Work instructions
Each line of the records containing "https" is to be copied out and returned.

Material for this exercise
• • • •

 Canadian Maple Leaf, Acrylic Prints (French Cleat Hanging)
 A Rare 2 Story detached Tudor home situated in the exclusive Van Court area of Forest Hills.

• • • •

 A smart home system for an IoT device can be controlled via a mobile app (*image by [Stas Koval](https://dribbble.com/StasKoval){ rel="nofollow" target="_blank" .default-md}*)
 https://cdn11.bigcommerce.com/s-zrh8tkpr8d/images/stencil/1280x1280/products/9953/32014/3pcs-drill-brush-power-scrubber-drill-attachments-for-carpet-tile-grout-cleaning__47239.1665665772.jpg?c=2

• • • •

Problem solution
 A smart home system for an IoT device can be controlled via a mobile app (*image by [Stas Koval](https://dribbble.com/StasKoval){ rel="nofollow" target="_blank" .default-md}*)
 https://cdn11.bigcommerce.com/s-zrh8tkpr8d/images/stencil/1280x1280/products/9953/32014/3pcs-drill-brush-power-scrubber-drill-attachments-for-carpet-tile-grout-cleaning__47239.1665665772.jpg?c=2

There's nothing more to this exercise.